I’ve had many cats, but I also had a little dog once. His name was Orson. Like all dogs who are loved, he was happy and loyal. He died after a sudden illness on September 24, 2009.

I started writing a short story in his honor a couple of years later. It took me a few more years to finish because his death somehow got tangled up with lots of other trauma at the time. Write what you know, even if it hurts.

This version is revised from the one that appears in my book.

I titled the post “Is that you?” because so often, when we confront ourselves in our memories, we ask, “Is that you?” Sometimes we don’t get the answer we’re expecting.

ORSON’S LAST WALK

Everything was red. Blood red. My head hurt. A dog was barking.

Wait. That’s not right.

I was in my bed. I must have been dreaming about red. I must have been dreaming about my head. The only thing that stayed when I opened my eyes was the barking dog. But my dog was dead.

Wait. This isn’t right.

The barking dog jumped into my bed, hopping up and down, licking my face.

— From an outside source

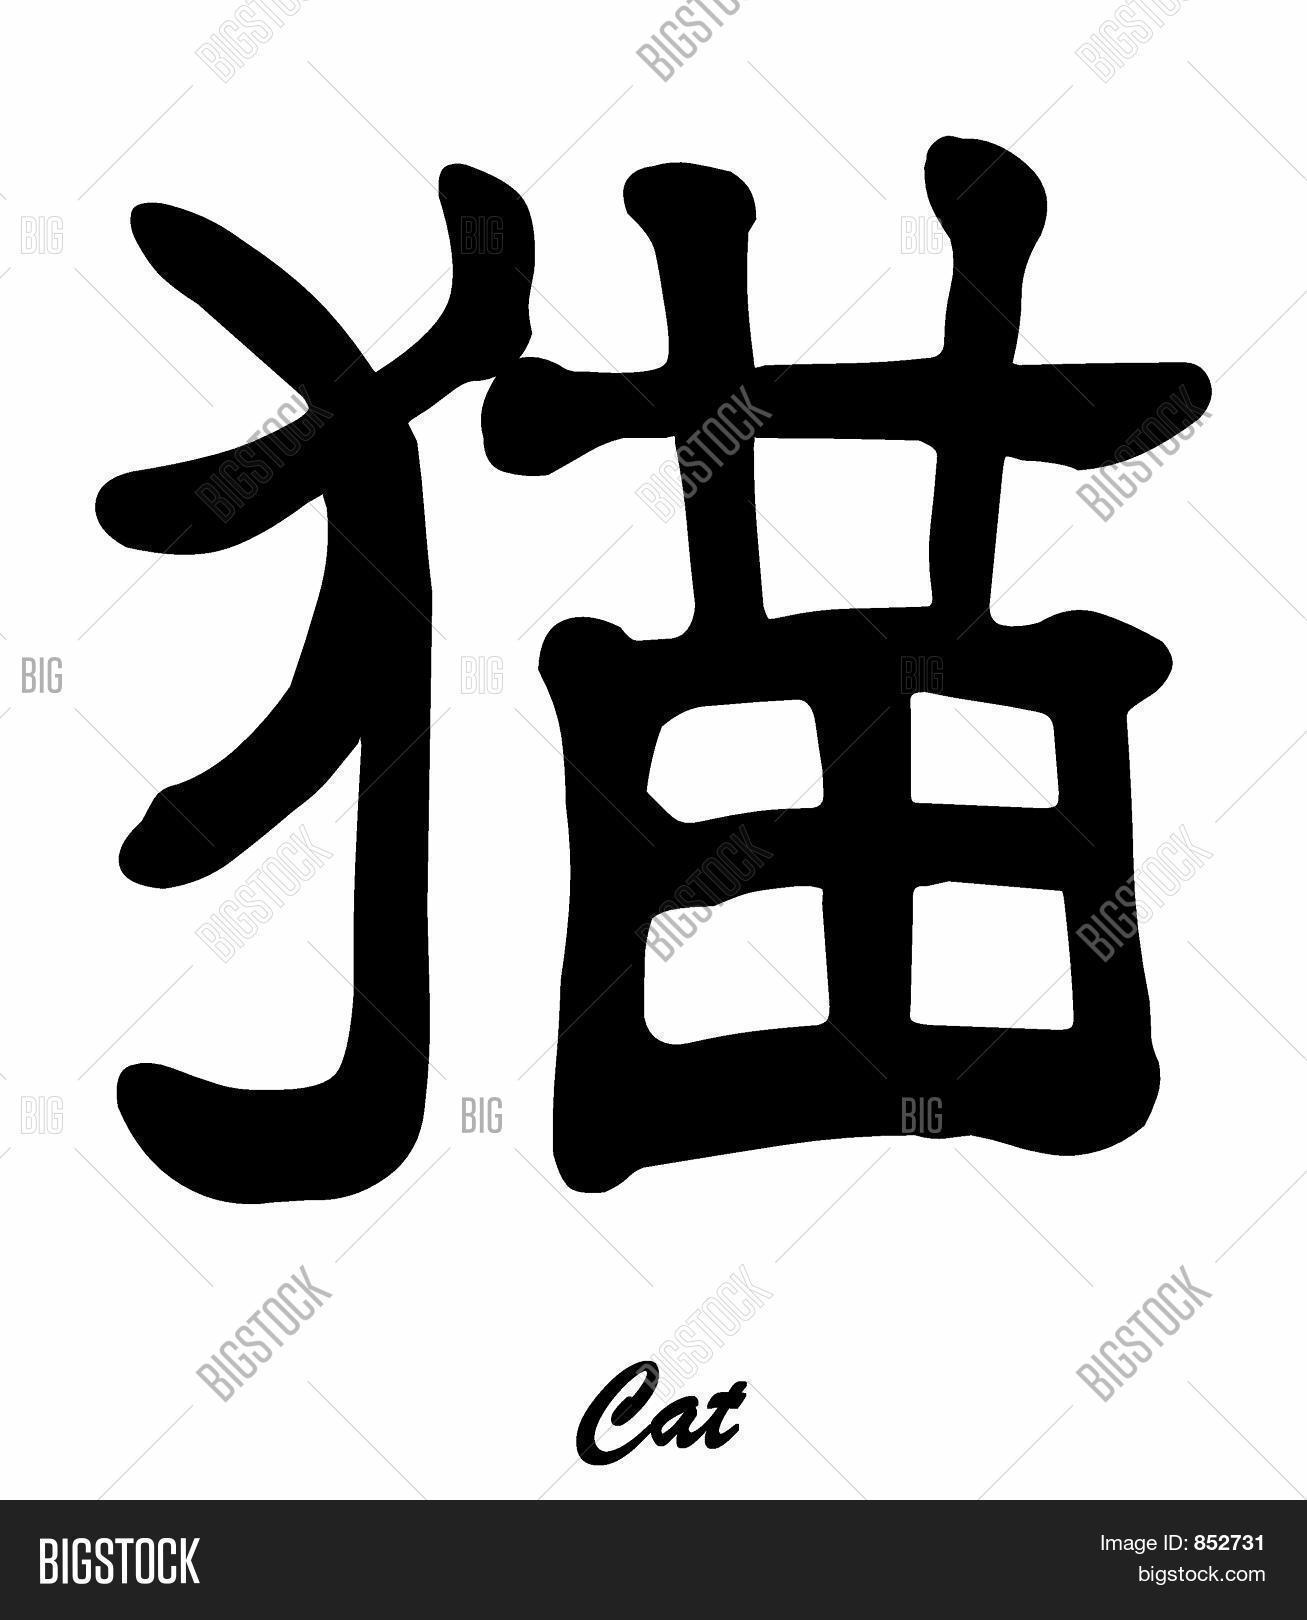 Cat Kitten Chinese Image Photo Free Trial Bigstock

Orson needs his morning walk.

I pulled on some clothes. This felt weird. I couldn’t remember going to bed last night, or what I did yesterday, but it would come to me. I was groggy, that was all.

I trudged into the living room, and while I put on shoes Orson danced in circles. I reached for my cap and suddenly a strange cloud floated into my brain. I looked at my Maltese. My boy. Five years my best little friend. The cloud got heavier and told me my dog had died.

I remembered he got sick, yes, he was sick and then before I knew what was wrong, he died. Visits to the vet got me no answers. He got weaker and weaker. I had gone to bed that final night, putting him next to me, and made the most terrible decision a pet owner has to make. If he’s not getting better, I’m taking him to the vet tomorrow and I will release him from his suffering.

The next morning when I woke up Orson tried to look up at me but couldn’t lift his head. I lifted it for him, holding it in my hands. He looked at me, almost as if he was saying goodbye and telling me he couldn’t hold on anymore, that he was so, so sorry and he hoped I would forgive him for not being stronger. I told him that it was okay, it was all okay, that he could go to sleep now and then I let him go and he was gone.

Wait. This isn’t right.

He’s not dead. He’s barking for his morning walk, not waiting for me to tie my shoes.

I opened the door and he sprang down the steps ready to mark his favorite spots. I followed, trying to keep up but had to stop to lock up. Orson was already at the bottom of the stairs, and I bounded down to catch up with him.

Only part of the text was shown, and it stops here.